Opening church doors once again is not only for the healing of the congregations though. It's also a community cause.

The goal of Churches Supporting Churches (CSC) is to "restart, reopen, repair or rebuild the churches in order for them to be agents for community development and to recreate their community," said Dr. C. T. Vivian, CSC chair and longtime activist in the civil rights movement, in a released statement.

Churches are appealing for urgent recovery and rebuilding and congregations across the country are being offered the opportunity to help for community recovery. The network of churches in New Orleans will run a yearlong training program in community development to equip pastors and lay leaders for their expanded work as community developers.

Additionally, churches have begun planning affordable housing initiatives as community services such as daycare centers. Church organizations plan to help get the schools, hospitals and other public services back in operation in order to draw back the residents that were displaced by the storm.
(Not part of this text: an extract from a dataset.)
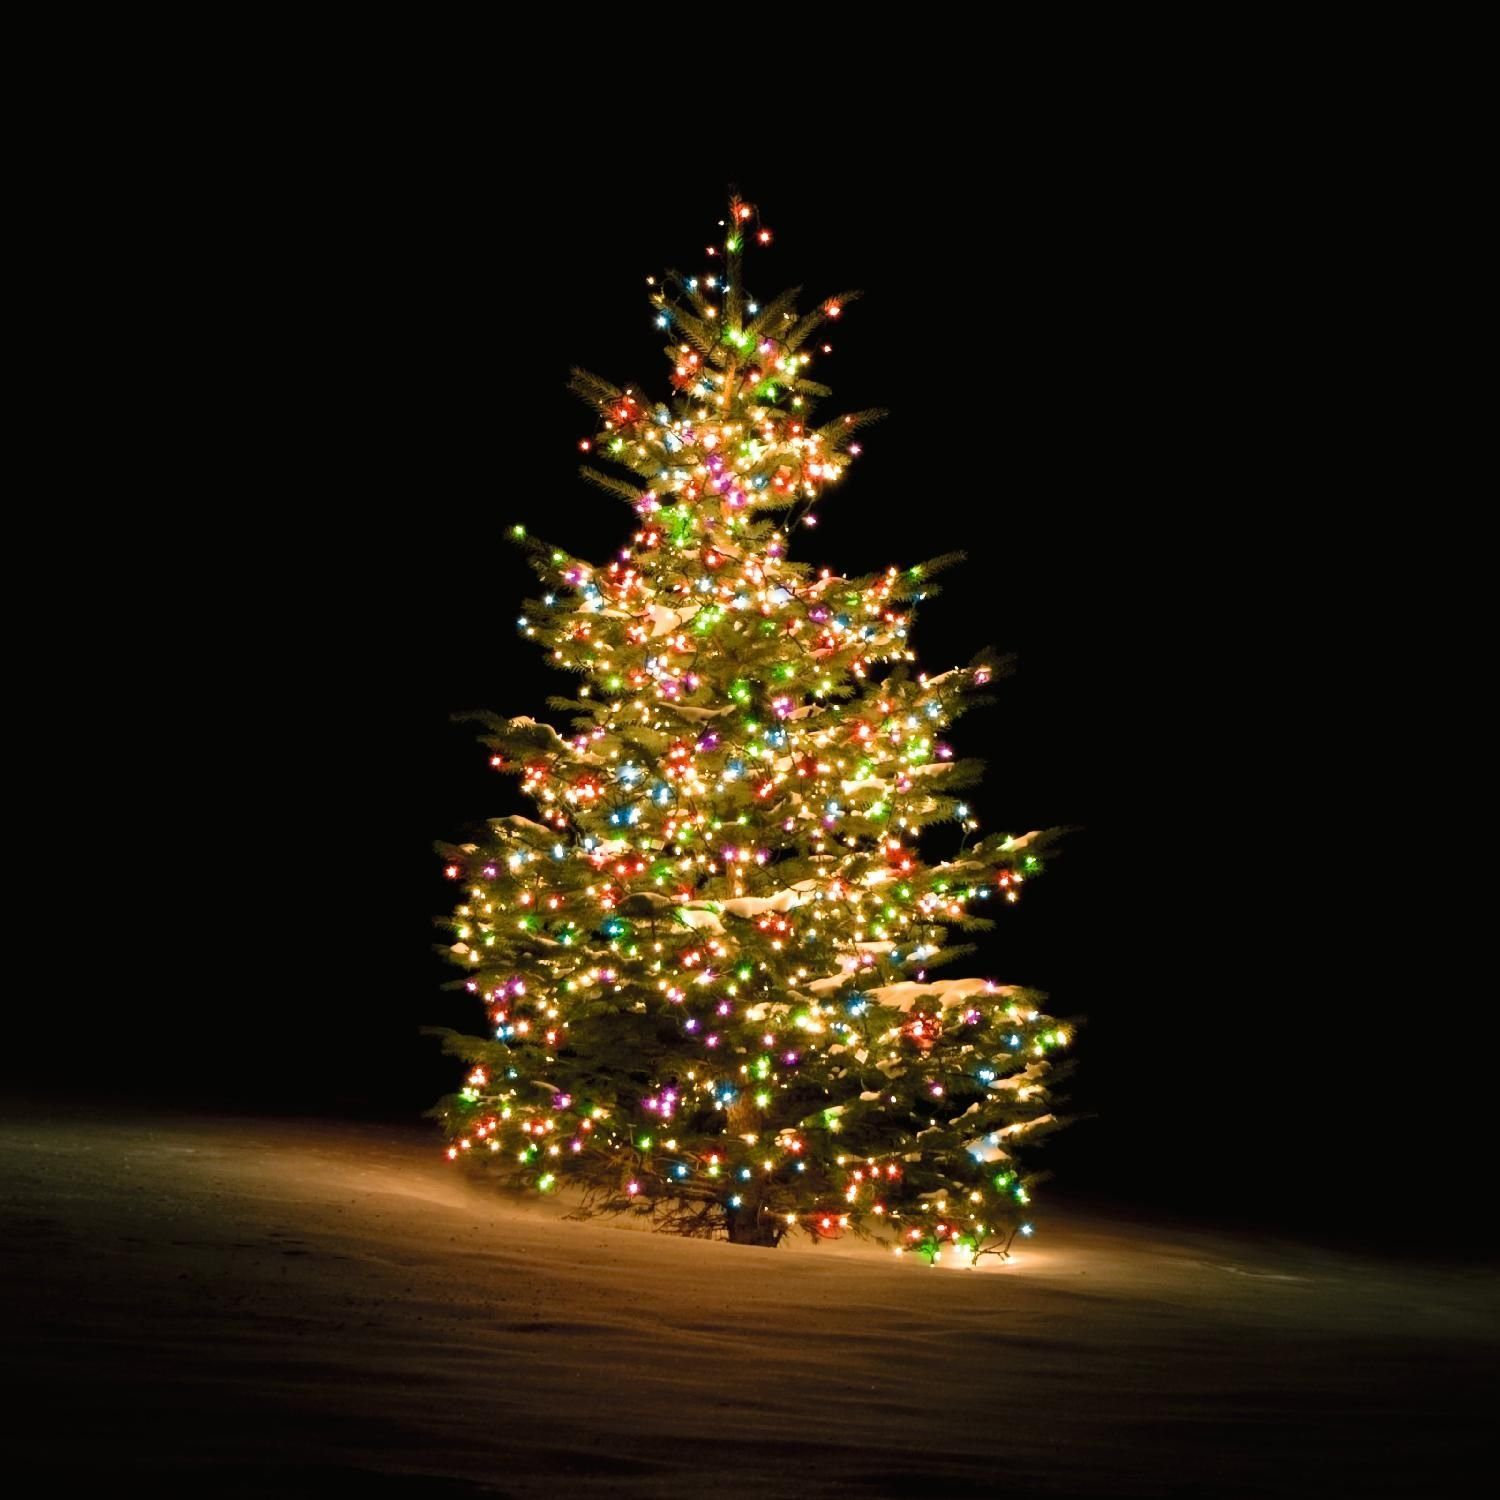 DELTACO SMART HOME LED-Lichterkette Smarte Weihnachtsbaum-Lichterkette RGB mit 300 LEDs 2 m mehrfarbig, inkl. 5 Jahre Herstellergarantie
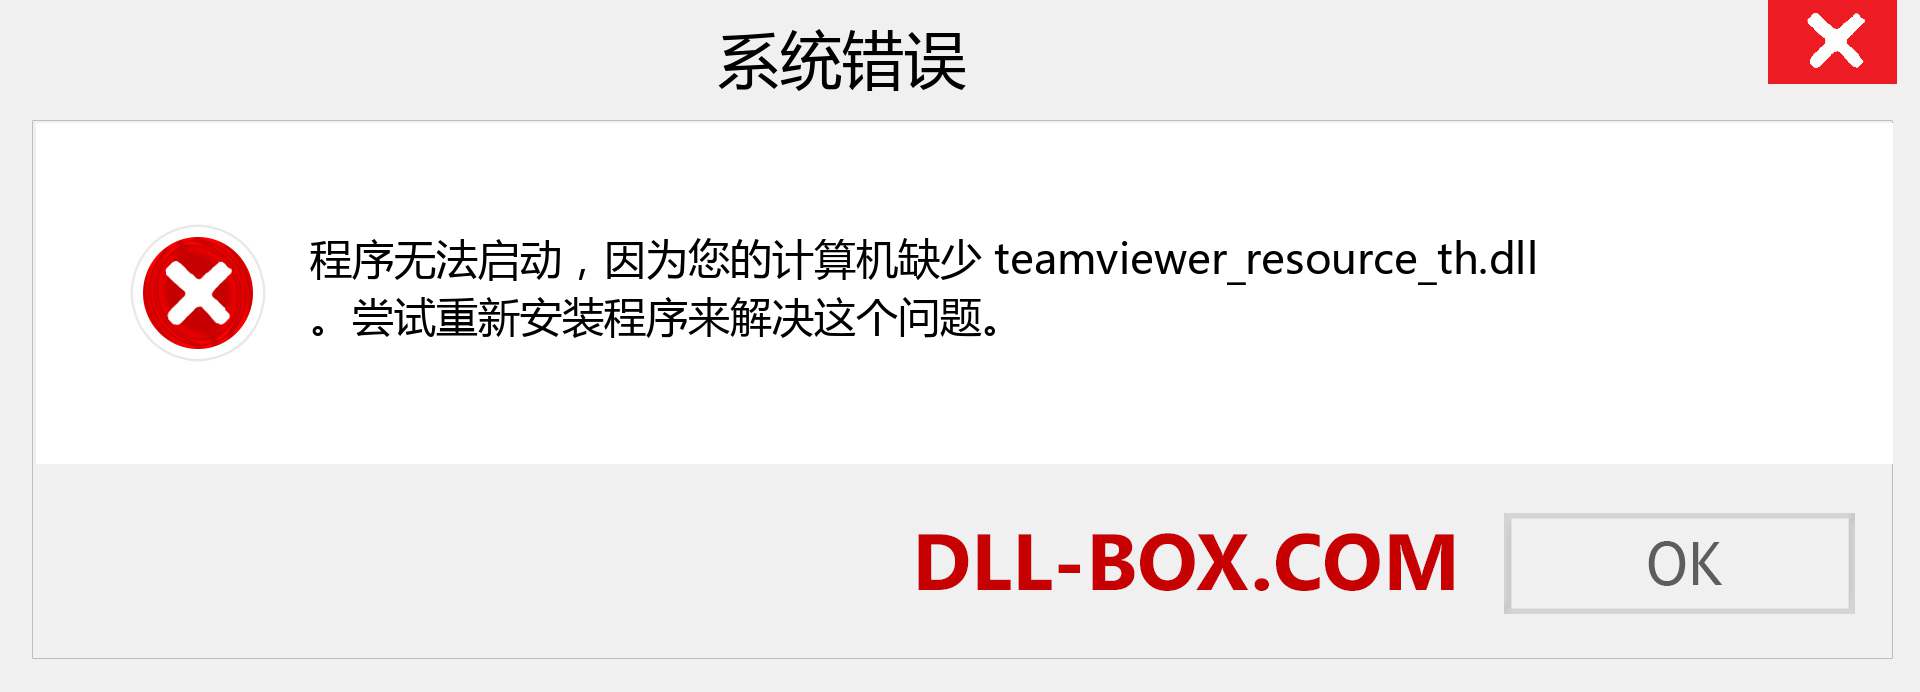 teamviewer_resource_th.dll 文件丢失？。 适用于 Windows 7、8、10 的下载 - 修复 Windows、照片、图像上的 teamviewer_resource_th dll 丢失错误

"How can we assure that those who wish to return home can do so safely and with security? How can we stand against those landlords who are now charging 1,100 dollars a month in rent for shoddy apartments which used to go for 300 – because housing is so scarce?" These are some of the questions asked to facilitate just rebuilding.

As the Church prepares for Pentecost, the coming of the Holy Spirit after Jesus' ascension, Epting said in a sermon last week at St. James the Less in Scarsdale, N.Y., "Christ ascended into heaven 'that he might fill all things' and, 'according to his promise, he abides with his Church on earth, even to the end of the ages.' Well, I can testify to you that Jesus is abiding with the Church in Louisiana. Our church and all the churches."